The RICO 2 Retread LOLsuit sputtered, and by this time a couple of years ago, it was on its last leg as was reported in the TKPOTD from two years ago today.
The Dread Pro-Se Kimberlin has filed a motion seeking a postponement of the motions hearing scheduled for 15 November in the Kimberlin v. Hunton & Williams LLP, et al. (II) RICO 2 Retread LOLsuit. That’s the state version of the Team Themis LOLsuit filed in the Circuit Court for Montgomery County. The only remaining defendants are Bill Nickless, Battelle (the not-for-profit that runs Pacific Northwest National Labs for the Department of Energy), and some John Does. Judge Mason hasn’t granted his motion yet, so it looks as if the remaining motions to dismiss will be heard next week, and another of TDPK’s LOLsuits should bite the dust.

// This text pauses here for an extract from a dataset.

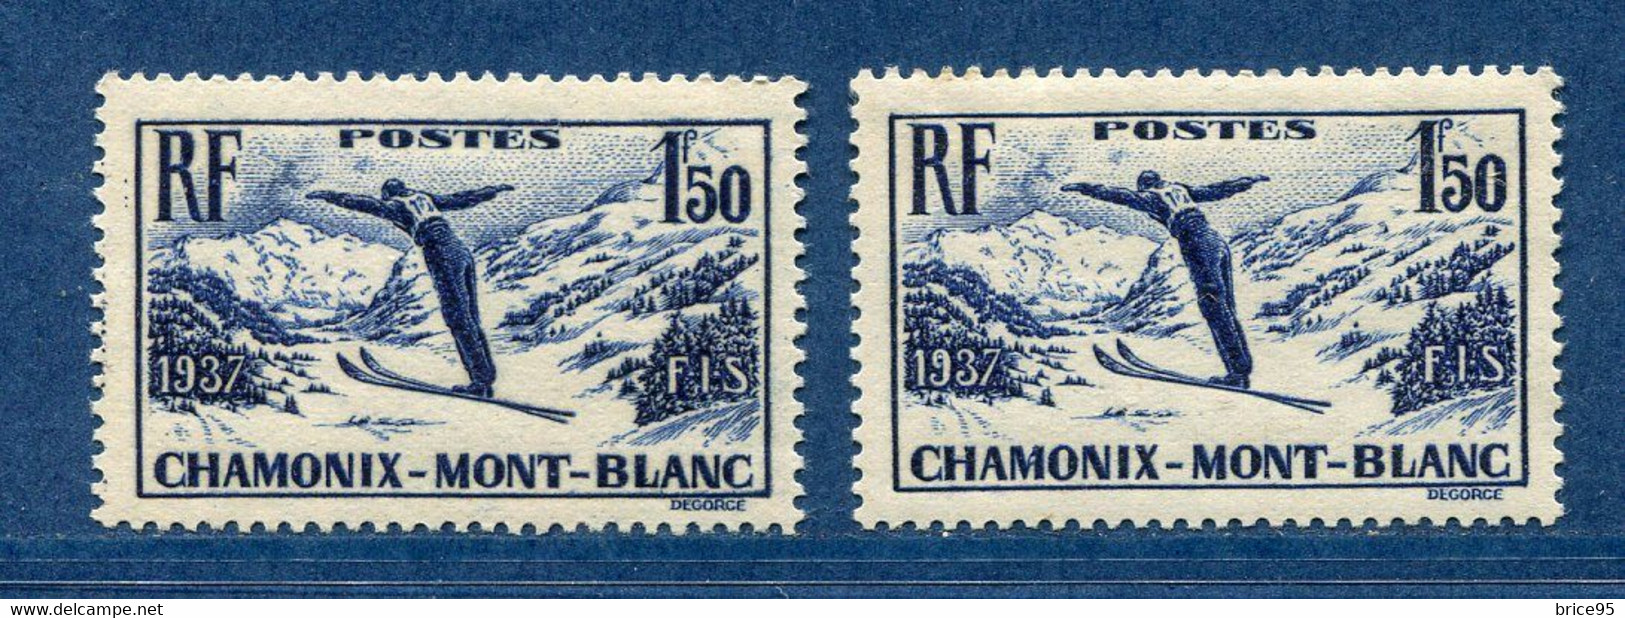 ⭐ France - Variété - YT N° 334 - Couleurs - Papier Jaunatre - Neuf Sans Charnière - 1937 ⭐ - Ongebruikt

We didn’t have to wait long. Not long thereafter, the case docket showed that Kimberlin had voluntarily dismissed the LOLsuit against those defendants. And then he failed to follow through with an appeal.

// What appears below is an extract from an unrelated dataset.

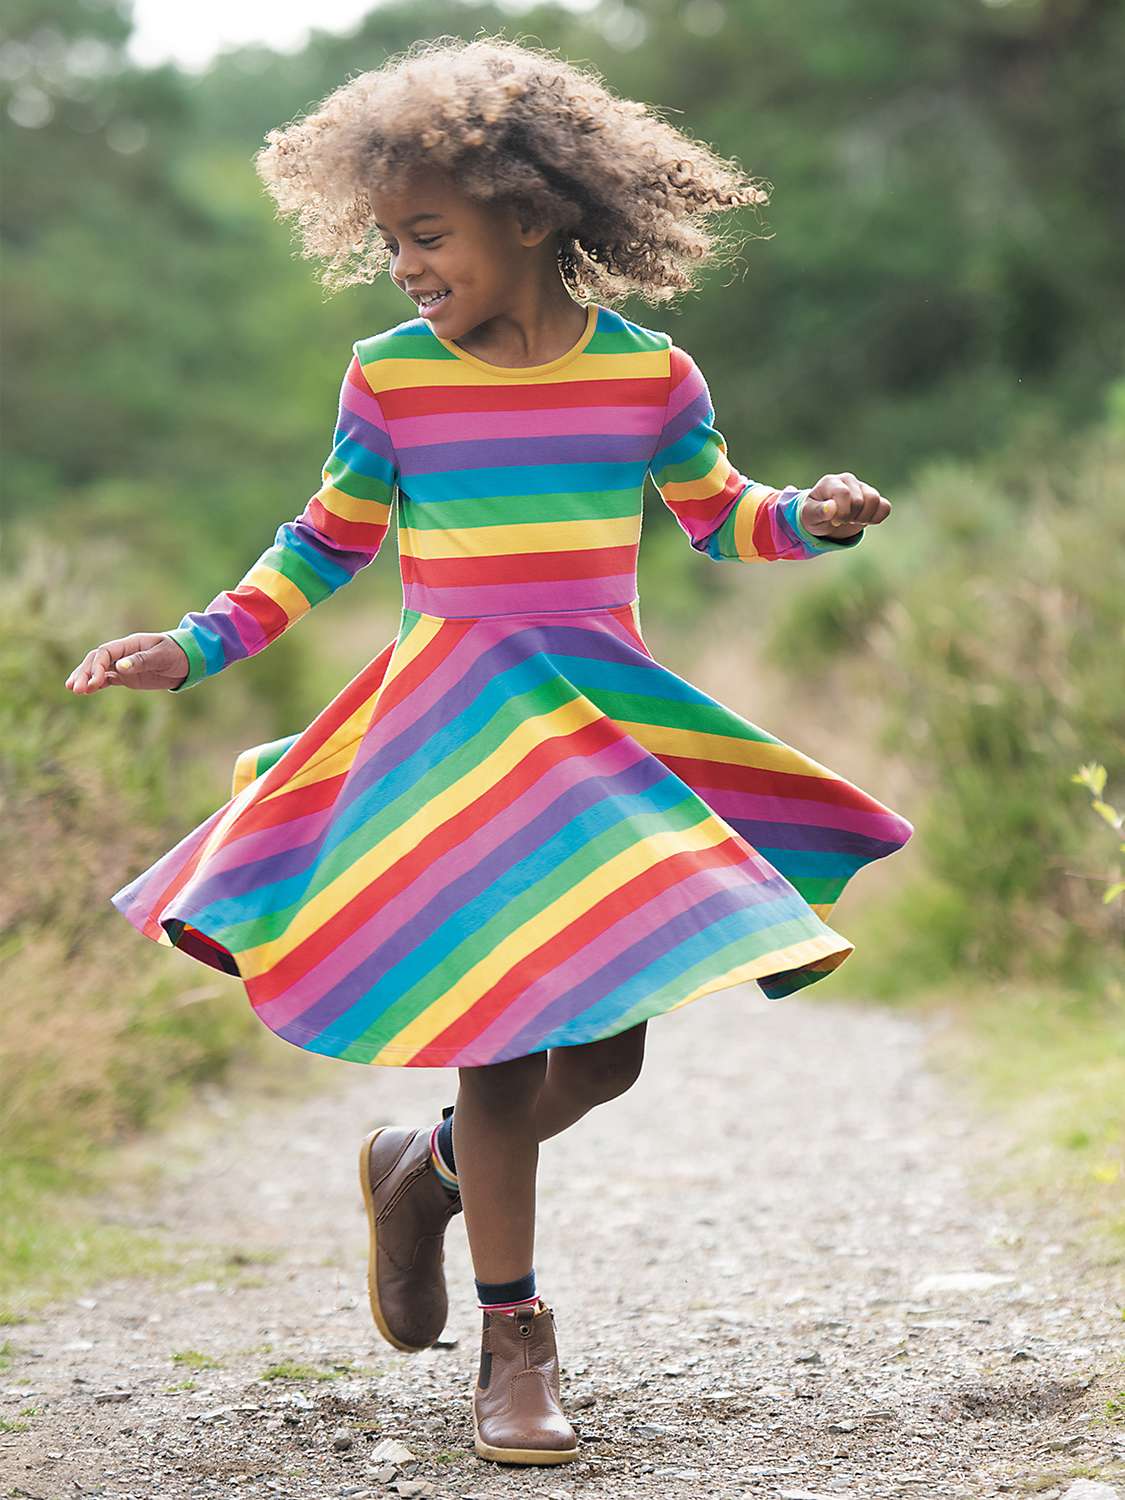 Buy Frugi Kids' Sofia Skater Dress, Multi Online at johnlewis.com

Maybe he was lying when he promised lawsuits “for the rest of their lives.” He is a convicted perjurer, you know.
The Dread Deadbeat Pro-Se Kimberlin’s campaign of lawfare as a form of brass knuckles reputation management has failed miserably. The TKPOTD from four years ago today shows how his LOLsuits claim that he had been defamed wound up getting a court to find that his reputation was so bad that there was no way to lower it.
Judge Mason agreed with Michelle Malkin and Twitchy. He adopted their argument in dismissing them from the case. Thus, we now have a ruling finding that Brett Kimberlin is defamation proof.
It would be interesting to know how TDPK evaluates the success and cost/benefit ratio of his brass knuckles reputation management now.
Come to think of it, is there any member of Team Kimberlin who isn’t defamation proof?